→ MATERIAL PROVIDED:
BEGIN

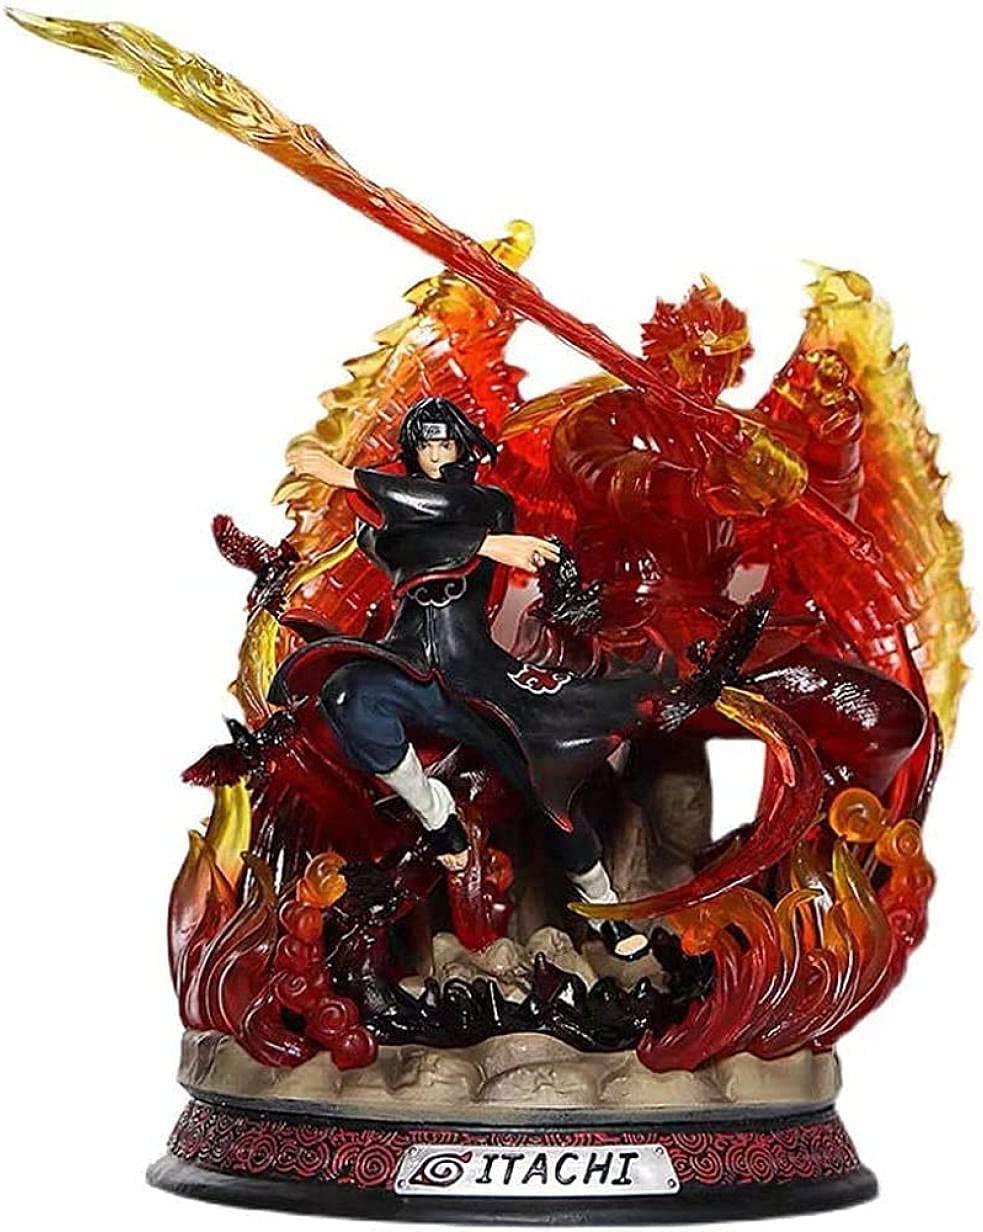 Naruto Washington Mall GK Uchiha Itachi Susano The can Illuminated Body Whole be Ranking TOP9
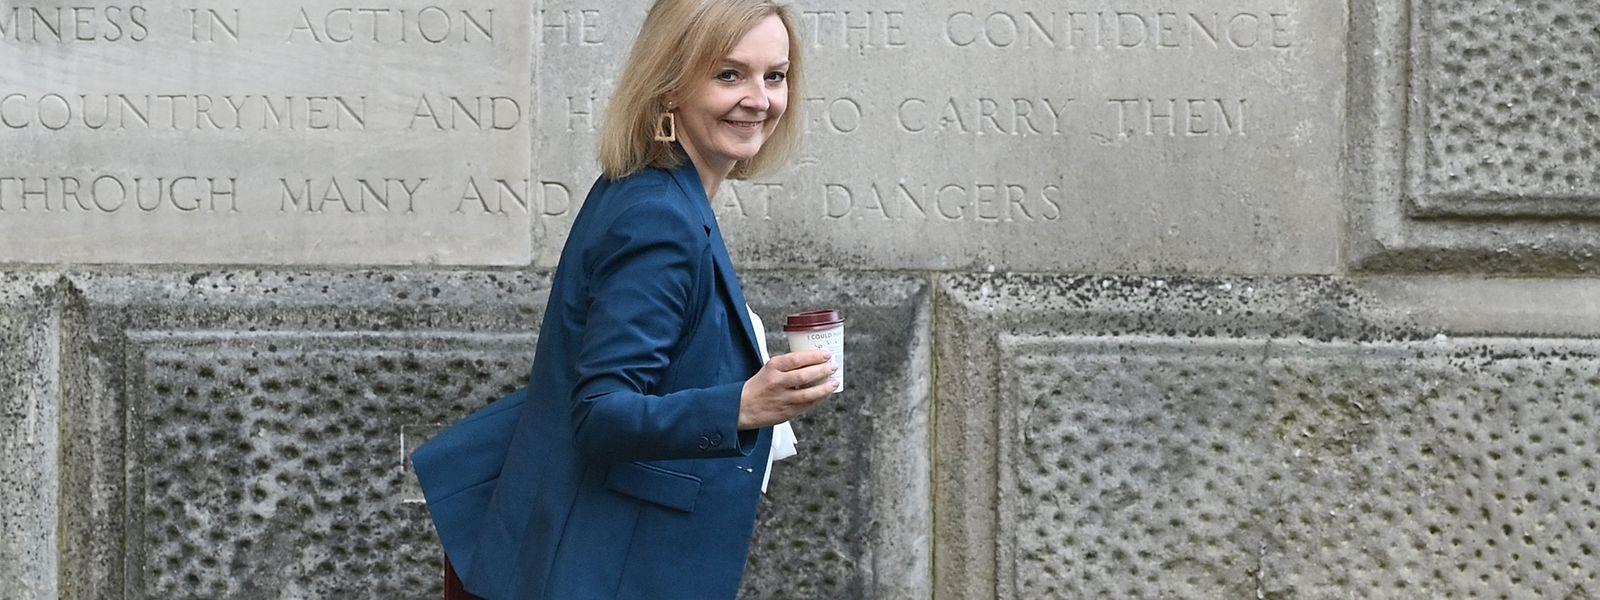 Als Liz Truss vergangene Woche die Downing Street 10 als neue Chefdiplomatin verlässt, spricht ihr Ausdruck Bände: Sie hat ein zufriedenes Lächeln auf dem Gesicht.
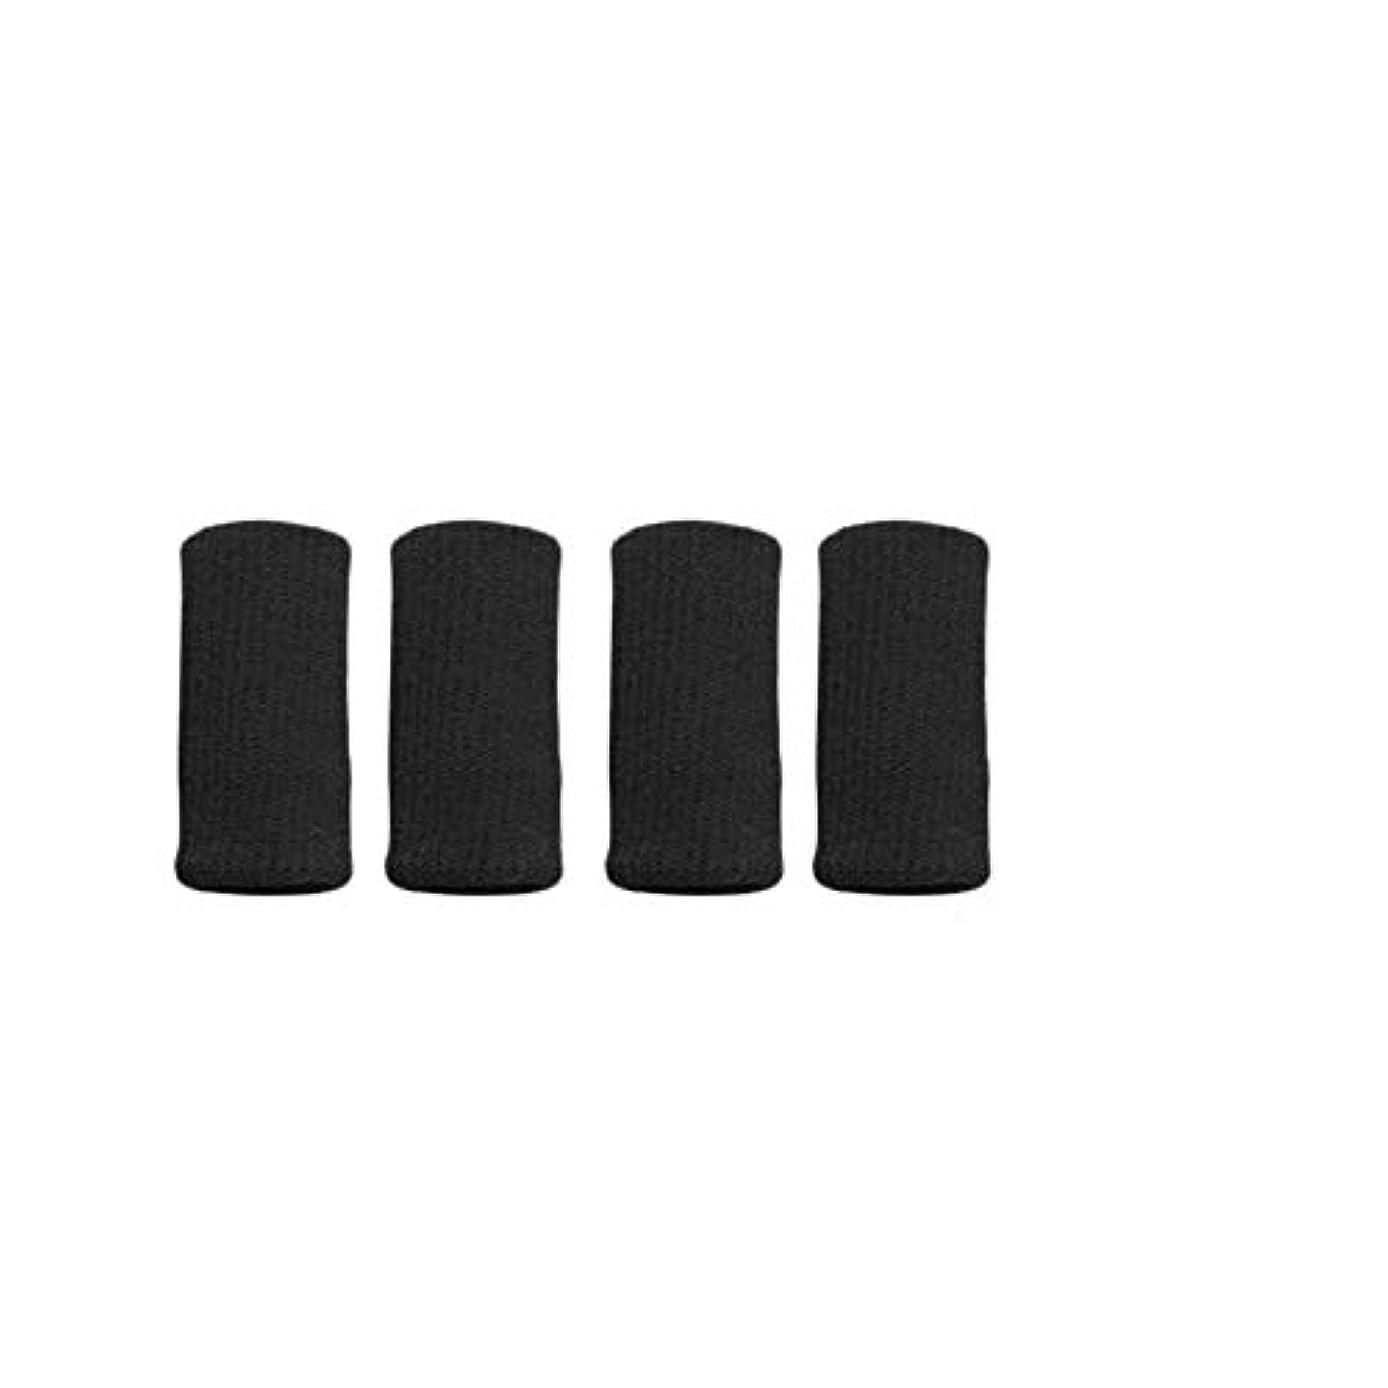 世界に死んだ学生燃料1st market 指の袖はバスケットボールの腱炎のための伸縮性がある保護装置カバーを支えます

END

→ WORK ITEM:
Line by line, write out the material above exactly, with no images.

→ ANSWER SPACE:
 Naruto Washington Mall GK Uchiha Itachi Susano The can Illuminated Body Whole be Ranking TOP9
 Als Liz Truss vergangene Woche die Downing Street 10 als neue Chefdiplomatin verlässt, spricht ihr Ausdruck Bände: Sie hat ein zufriedenes Lächeln auf dem Gesicht.
 世界に死んだ学生燃料1st market 指の袖はバスケットボールの腱炎のための伸縮性がある保護装置カバーを支えます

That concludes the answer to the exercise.